En un día de otoño, tal vez como el del viernes 24 de septiembre, en el que se anunciaban lluvias torrenciales, Suintila, rey de los visigodos, se pudo desplazar a la basílica de ‘Santa María insorbace’, situada en el paraje de Guarrazar, a ofrecer una corona de oro y piedras preciosas por sus victorias sobre los bizantinos. En otro día de otro otoño de varios años después, quien marchó a Guarrazar fue Recesvinto. Ofrecería en Santa María, la basílica imponente del paraje mágico de Guarrazar, una corona confeccionada en los talleres de orfebrería toledana. ‘Recesvinthus rex offeret’, grabó el artesano toledano, para que permaneciera el recuerdo de un rey que había labrado años de paz en un reino tan tumultuoso como el de Toledo. Centurias más tarde, Alfonso X, ordenaría trasladar los restos de este monarca desde un lugar, próximo a Valladolid, a la iglesia de Santa Leocadia en Toledo. Así lo imagina y así lo cuenta, o parecido, el arqueólogo Juan Manuel Rojas Rodríguez–Malo, empresario de una rara empresa como es la arqueología y promotor del actual yacimiento de Guarrazar.
Para que Guarrazar adquiriera realidad fue preciso que existiera una alcaldesa intuitiva, convencida de que aquel paraje en el que, en 1858 una niña y sus padres descubrieron un botín de oro y piedras preciosas, era algo más que un hallazgo fortuito. En ese valle, sembrado de olivos y huertas, se escondían los restos de lo que en tiempos de los visigodos y tal vez mucho antes, fue un centro de peregrinación y de devoción. Y como en los relatos celebres de la arqueología universal, solo se necesitaba un arqueólogo visionario, un alemán adelantado y una alcaldesa audaz que se lanzarán a recuperar aquel conjunto de construcciones que las escorrentías seculares habían ocultado. La alcaldesa obtendría un premio insólito por su fe en el futuro: encontraba entre el barro del manantial sagrado un zafiro, desprendido de las coronas que unos vecinos de Guadamur descubrieron por azar, dos siglos antes. No les contaré los avatares de las coronas votivas ni las fiebres de tesoros ocultos que invadieron Guarrazar. Ni los trapicheos de los joyeros toledanos o la oferta de piezas a intermediarios franceses que pagaban con solvencia. Tampoco les contaré cómo aquel sitio, de insólita geografía, es hoy un lugar que está cambiando el pasado visigodo en España. Nada será igual tras el descubrimiento de la basílica magnifica, ni tras la exhumación de las ruinas de una arquitectura de dos plantas de peregrinos (xenodochium) que emite ecos de un paraje ancestral al que se acercaban mujeres y hombres en busca de la sanación de sus cuerpos y del renacer de sus almas.

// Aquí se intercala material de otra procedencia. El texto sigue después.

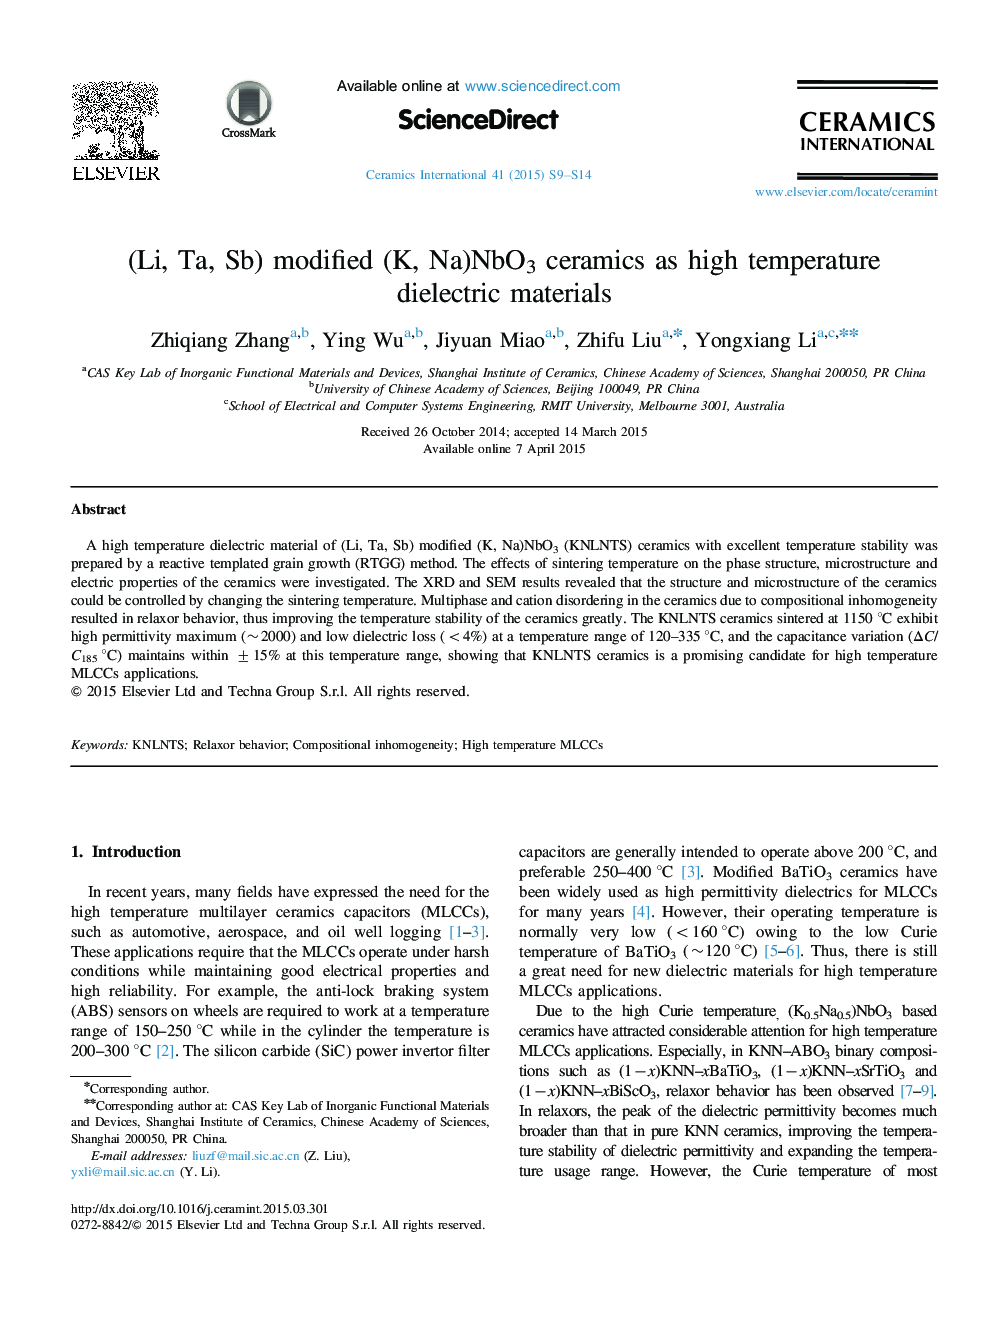 (Li, Ta, Sb) modified (K, Na)NbO3 ceramics as high temperature dielectric materials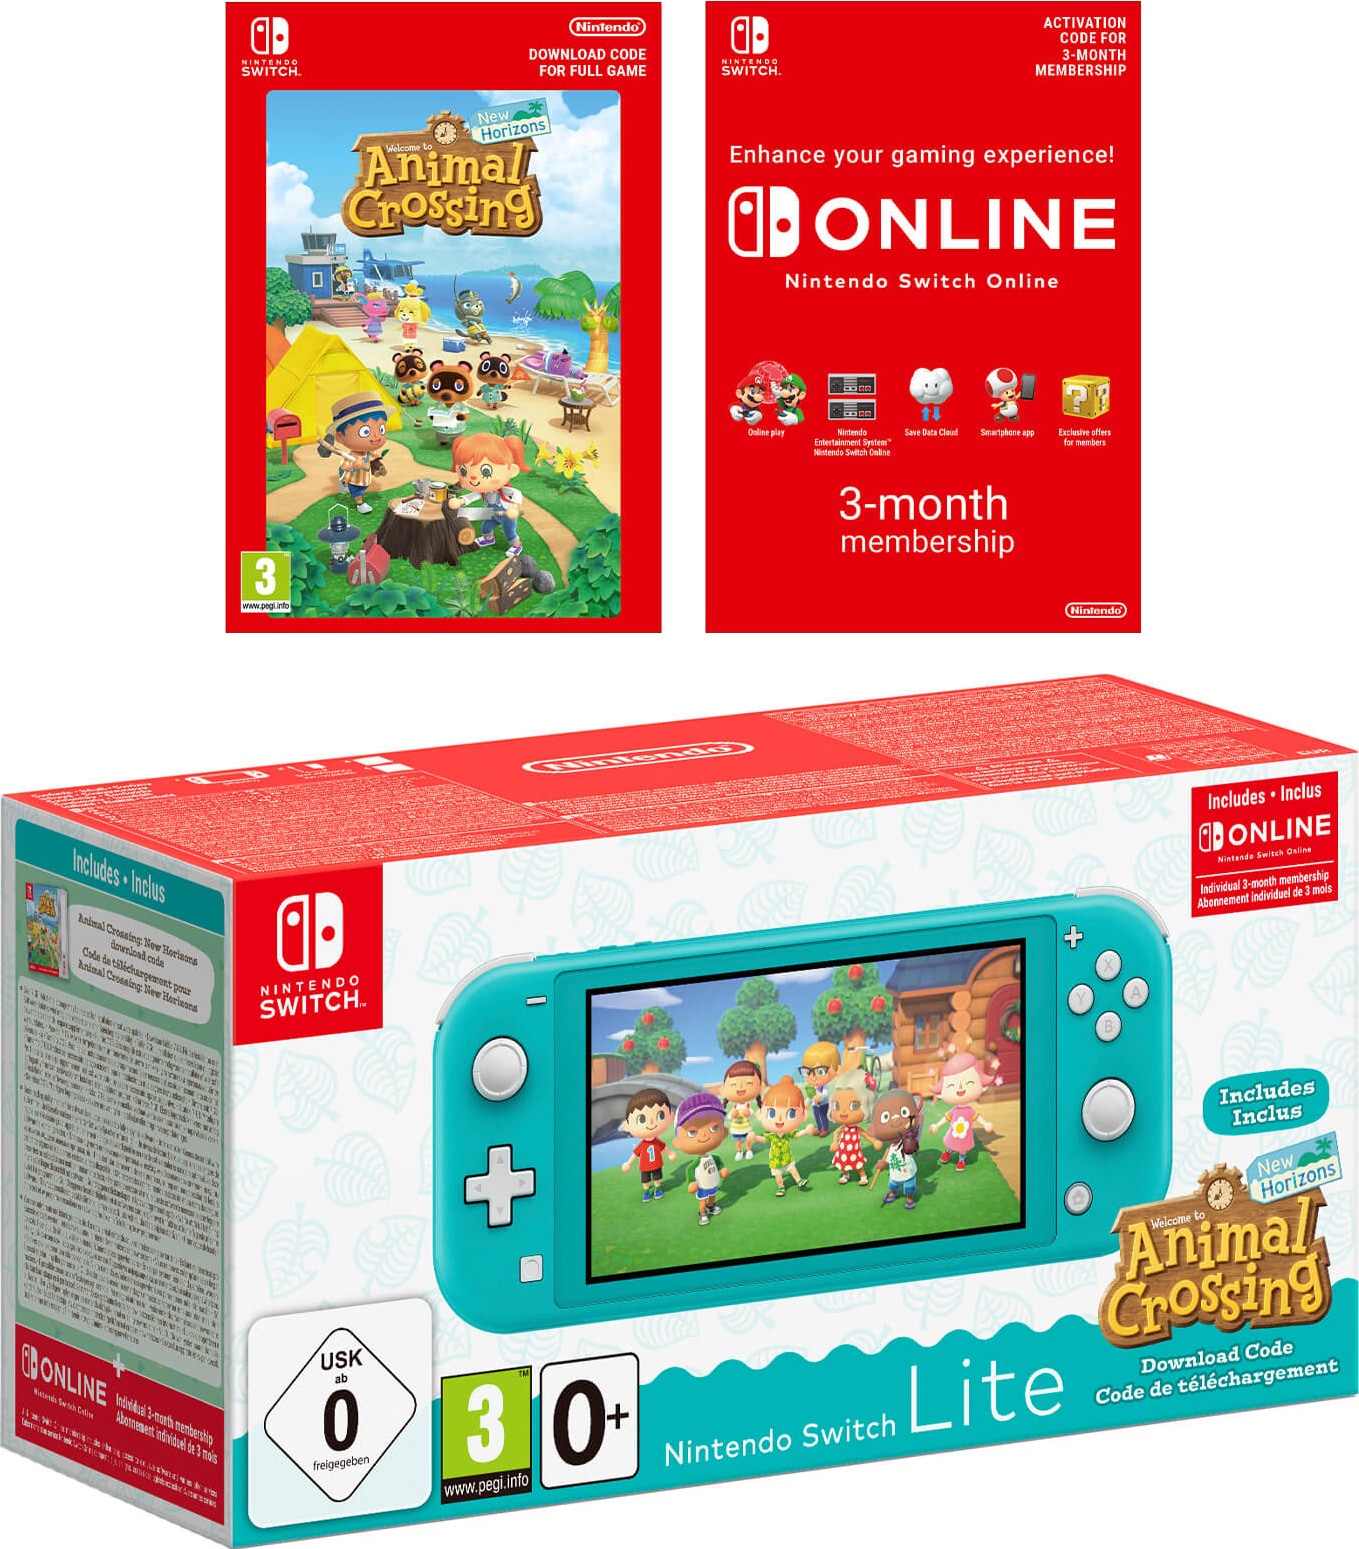 Nintendo Switch Lite EU spillkonsoll med Animal Crossing (turkis) - Elkjøp

Visité el yacimiento durante medio día – podría haber sido el día entero, atrapado por las sugestiones del yacimiento - acompañado del arqueólogo Juan Manuel Rojas, de la alcaldesa Sagrario Gutiérrez, de Cristina Sabrido y su marido, quienes fueron reconstruyendo la historia del lugar que en la edad media se denominó Guarrazar. En el pueblo de Guadamur la historia del reino visigodo de Toledo se está reescribiendo por la voluntad de una alcaldesa y la tenacidad de un arqueólogo que no dudó en arriesgar sus recursos personales para dar sentido social a un conjunto extraordinario de la arqueología hispana. En ese valle, cercano a Toledo, se fundían ritos antiguos, de renacimientos por el agua, y liturgias cristianas de influencias bizantinas. Desde la corte toledana, los reyes visigodos y los nobles, se desplazaban a un lugar de misterios ancestrales. Allí, entre liturgias solemnes, inciensos envolventes y preces salmodiadas, ofrecían coronas de oro y piedras soberbias engastadas para conmemorar victorias militares, agradecer dones especiales y sacralizar el poder de las elites visigodas.